How can I monitor what's being put into the standard out buffer and break when a specific string is deposited in the pipe?

In Linux, with C/C++ code, using gdb, how can you add a gdb breakpoint to scan the incoming strings in order to break on a particular string?

I don't have access to a specific library's code, but I want to break as soon as that library sends a specific string to standard out so I can go back up the stack and investigate the part of my code that is calling the library. Of course I don't want to wait until a buffer flush occurs. Can this be done? Perhaps a routine in libstdc++ ?

Solution

This question might be a good starting point: how can I put a breakpoint on "something is printed to the terminal" in gdb?

So you could at least break whenever something is written to stdout. The method basically involves setting a breakpoint on the write syscall with a condition that the first argument is 1 (i.e. STDOUT). In the comments, there is also a hint as to how you could inspect the string parameter of the write call as well.

x86 32-bit mode

I came up with the following and tested it with gdb 7.0.1-debian.

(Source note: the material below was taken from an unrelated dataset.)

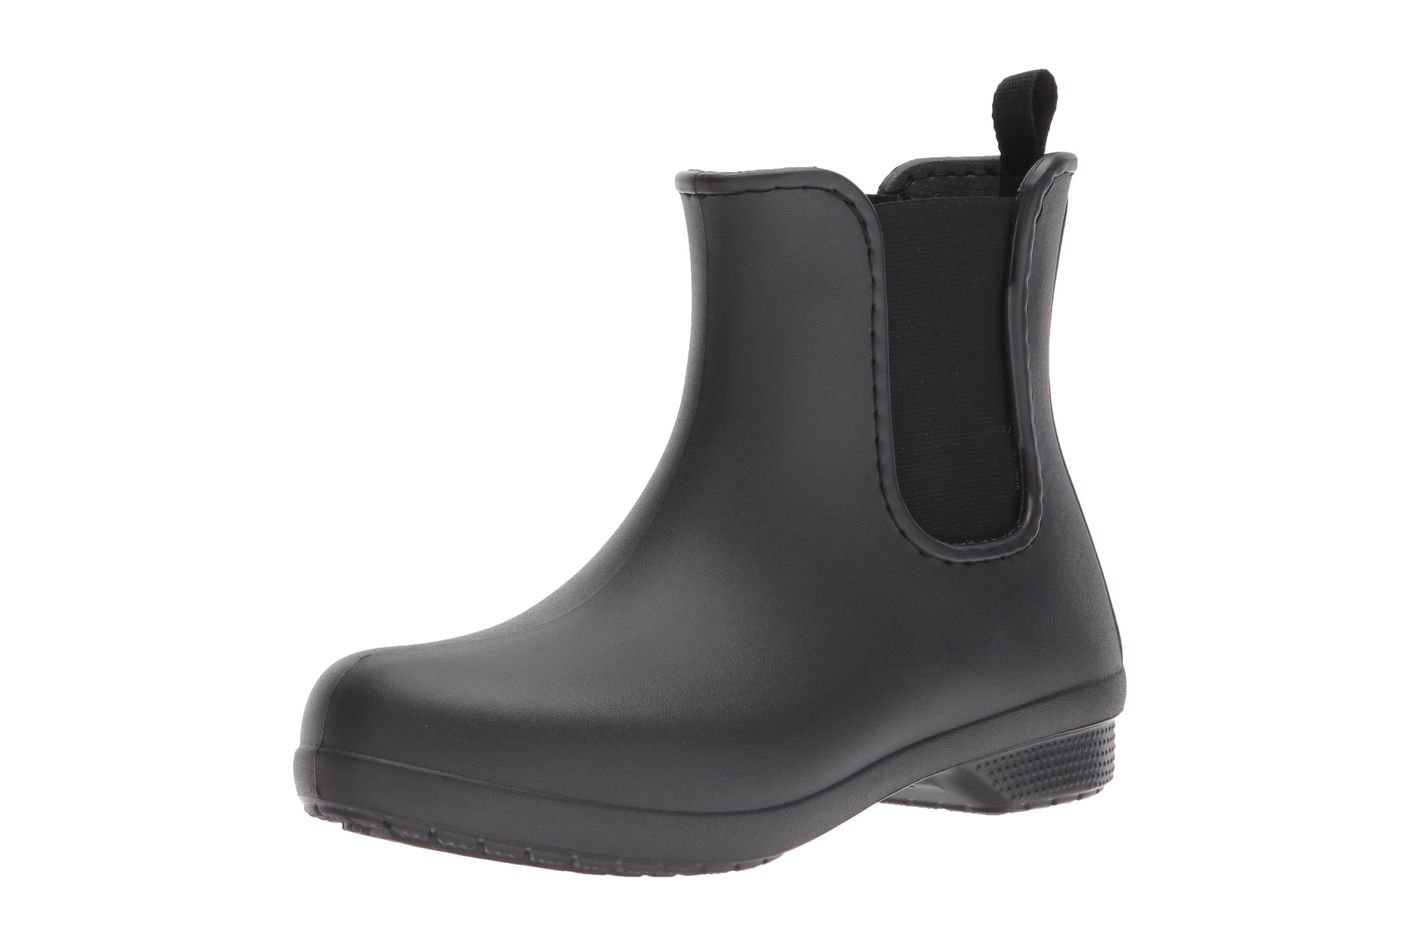 Crocs Women's Freesail Chelsea W Rain Boot

It seems to work quite well. $esp + 8 contains a pointer to the memory location of the string passed to write, so first you cast it to an integral, then to a pointer to char. $esp + 4 contains the file descriptor to write to (1 for STDOUT).

$ gdb break write if 1 == *(int*)($esp + 4) && strcmp((char*)*(int*)($esp + 8), "your string") == 0

x86 64-bit mode

If your process is running in x86-64 mode, then the parameters are passed through scratch registers %rdi and %rsi

$ gdb break write if 1 == $rdi && strcmp((char*)($rsi), "your string") == 0

Note that one level of indirection is removed since we're using scratch registers rather than variables on the stack.

Variants

Functions other than strcmp can be used in the above snippets:

strncmp is useful if you want match the first n number of characters of the string being written
strstr can be used to find matches within a string, since you can't always be certain that the string you're looking for is at the beginning of string being written through the write function.

Edit: I enjoyed this question and finding it's subsequent answer. I decided to do a blog post about it.